Today, HP announced its latest Z2 workstations, a new Tower and a new Small Form Factor model. The company was kind enough to send over the Z2 SFF G8, and to be clear, it's not actually the eighth-gen model. HP pointed out that it's changing up its branding to align everything in the Z-series on the same generation. Whenever there's a big branding change, I try to call it out immediately, because as a consumer, you might be thinking that you missed a few generations.
This is my first Z-series machine that I've received for review, and it's the first small form factor type of PC as well. To start with, I kind of love it. I have two monitors on my desk, and I ended up sliding the Z2 SFF underneath my secondary monitor, which is now kind of looking down at me. I don't know if I'll be keeping it in this location (I've only had it for a day at the time that I'm typing this), but I've never had a PC small enough to fit on my desk before. Usually I use a giant gaming tower that sits underneath my desk.
But that's the whole point of a small form factor PC. You can stick this thing just about anywhere, because it's small. And what's good about this machine is that you're not making a lot of compromises, depending on your work flow. Sure, if you want RTX A5000 graphics, you're going to have to go for the Tower, but this guy has a Quadro RTX 3000, which is probably the best I've seen in such a small chassis.
RTX graphics means that it supports things like real-time ray tracing. So if you're doing 3D modeling or something like that, you can do that here. And if the 6GB Quadro RTX 3000 isn't quite enough, you can use ZCentral Remote Boost to access the power from something like a Z2 Tower that's in another location. In fact, if you're on a laptop somewhere, you can use ZCentral Remote Boost to access the Z2 SFF at your desk.
It has a fair amount of ports; as you can see from the labeling, not all ports are equal. Three of the USB Type-A ports are USB 2.0, which is a shame, but that's what I used for the keyboard and mouse. One of them is USB 3.2 Gen 1 for 5Gbps speeds, and the other two are USB 3.2 Gen 2 for 10Gbps speeds. There are also two DisplayPort ports tucked away in the corner, making it nice and easy to connect two monitors. You can also expand it with more ports using expansion cards.
Indeed, this PC comes with PCIe Gen 4, offering double the bandwidth of PCIe Gen 3. That means that when you open up the chassis, which is tool-less by the way as you can see from the switch on top, you can plug in accessories and they'll be faster.
This is made possible by the Core i7-11700K (and the corresponding Intel chipset and motherboard), an octa-core processor with 16 threads and a 125W TDP. Indeed, that CPU sucks down a lot of power, and combined with the Quadro RTX 3000 GPU, that's all powered by a 450W PSU.
This is a pre-production unit, but I still ran a few benchmarks.

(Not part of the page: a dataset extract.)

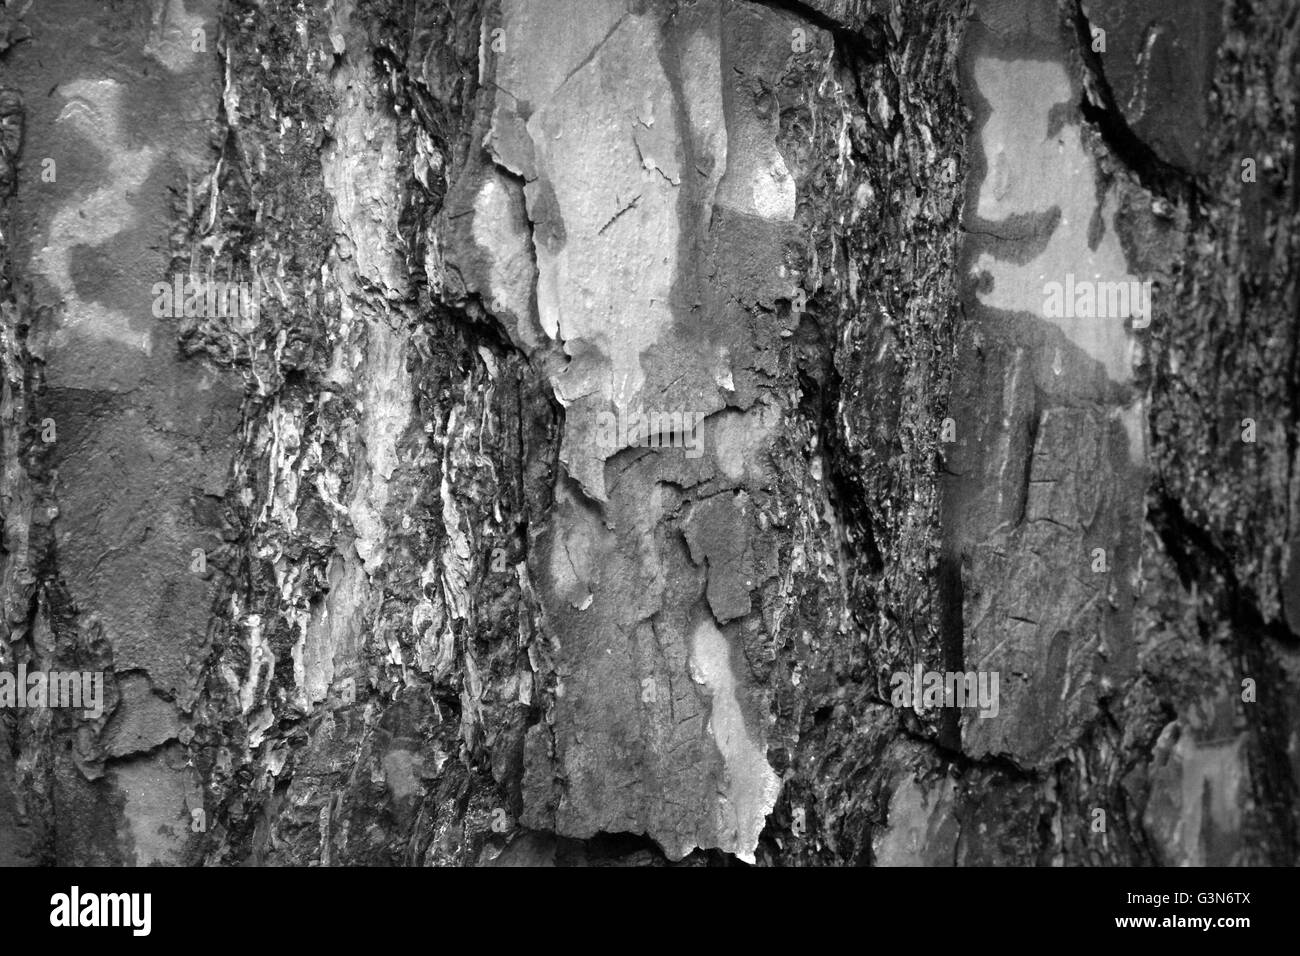 Macro Bark in Black and White - Stock Image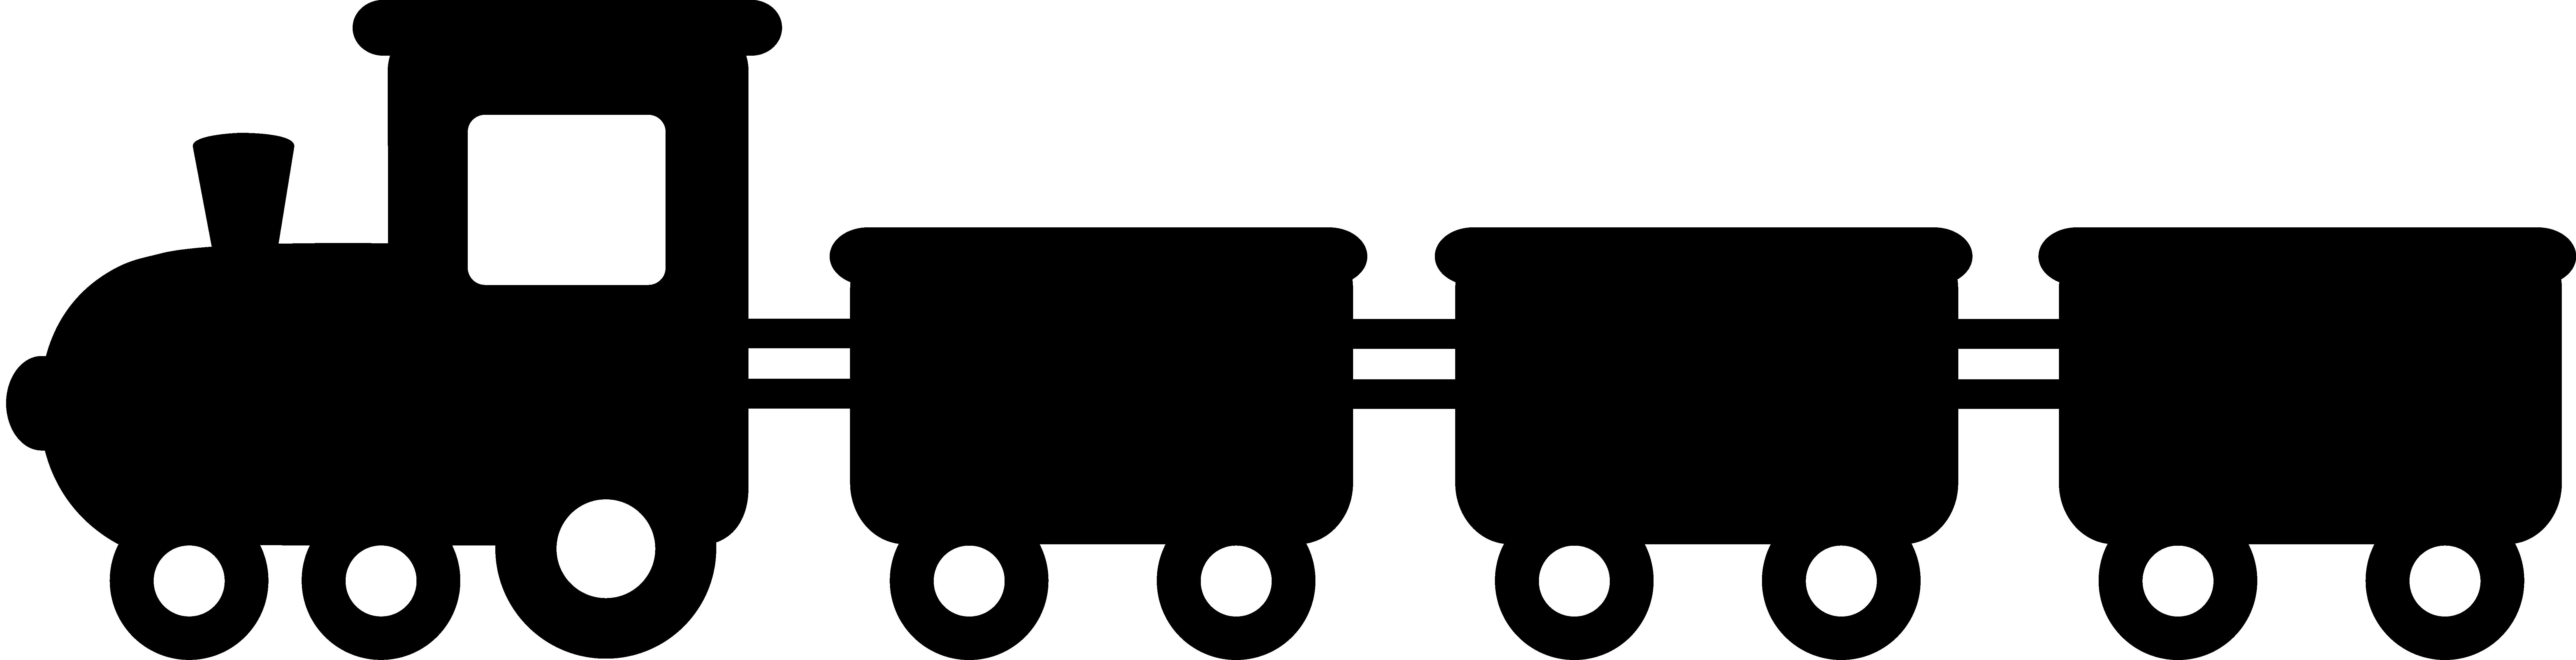 8883x2276 Passenger Train Png Black And White Transparent Passenger Train

Note that you should take them with something of a grain of salt, as that's the nature of pre-production hardware.
|PCMark 8: Home||3,863|
|PCMark 8: Creative||6,054|
|PCMark 8: Work||3,585|
|3DMark: Time Spy||5,382 (CPU score: 11,149, GPU score: 4,932)|
|VRMark: Orange Room||7,494|
|VRMark: Blue Room||1,544|
|Geekbench||1,714 / 10,175|
|Cinebench||1,574 / 12,195|
There are also some ports on the front of the machine. Out of the four USB Type-A ports, the two on the left are USB 3.2 Gen 2 and the two on the right are USB 3.2 Gen 1. There's also a USB Type-C port that's marked as Thunderbolt, but it gets 20Gbps speeds. I do love how many ports are on the front of the machine, as it just makes it easier to plug things in on the fly, such as external storage, a headset, and more.
I also want to give a shout-out to the keyboard and mouse that come with this PC, because they're actually decent. Well, particularly the keyboard is decent. Typically, when it comes to desktops, the in-box keyboard and mouse are absolute trash. It's like companies just put together the absolute bare minimum.
Both the keyboard and mouse actually look pretty stylish, which is a good thing. The mouse does feel cheap when you use it though. It's one of those that's so uncomfortably light that a lot of times, when you take your hand off of it, it will still move a bit. It's not great.
I'm really looking forward to spending some more time with the Z2 SFF, as it seems like a really great machine so far. I don't think that I'll be doing a full review of this machine, since it's a pre-production unit for hands-on and first impressions purposes only. Still, I'm going to play around with it for a while.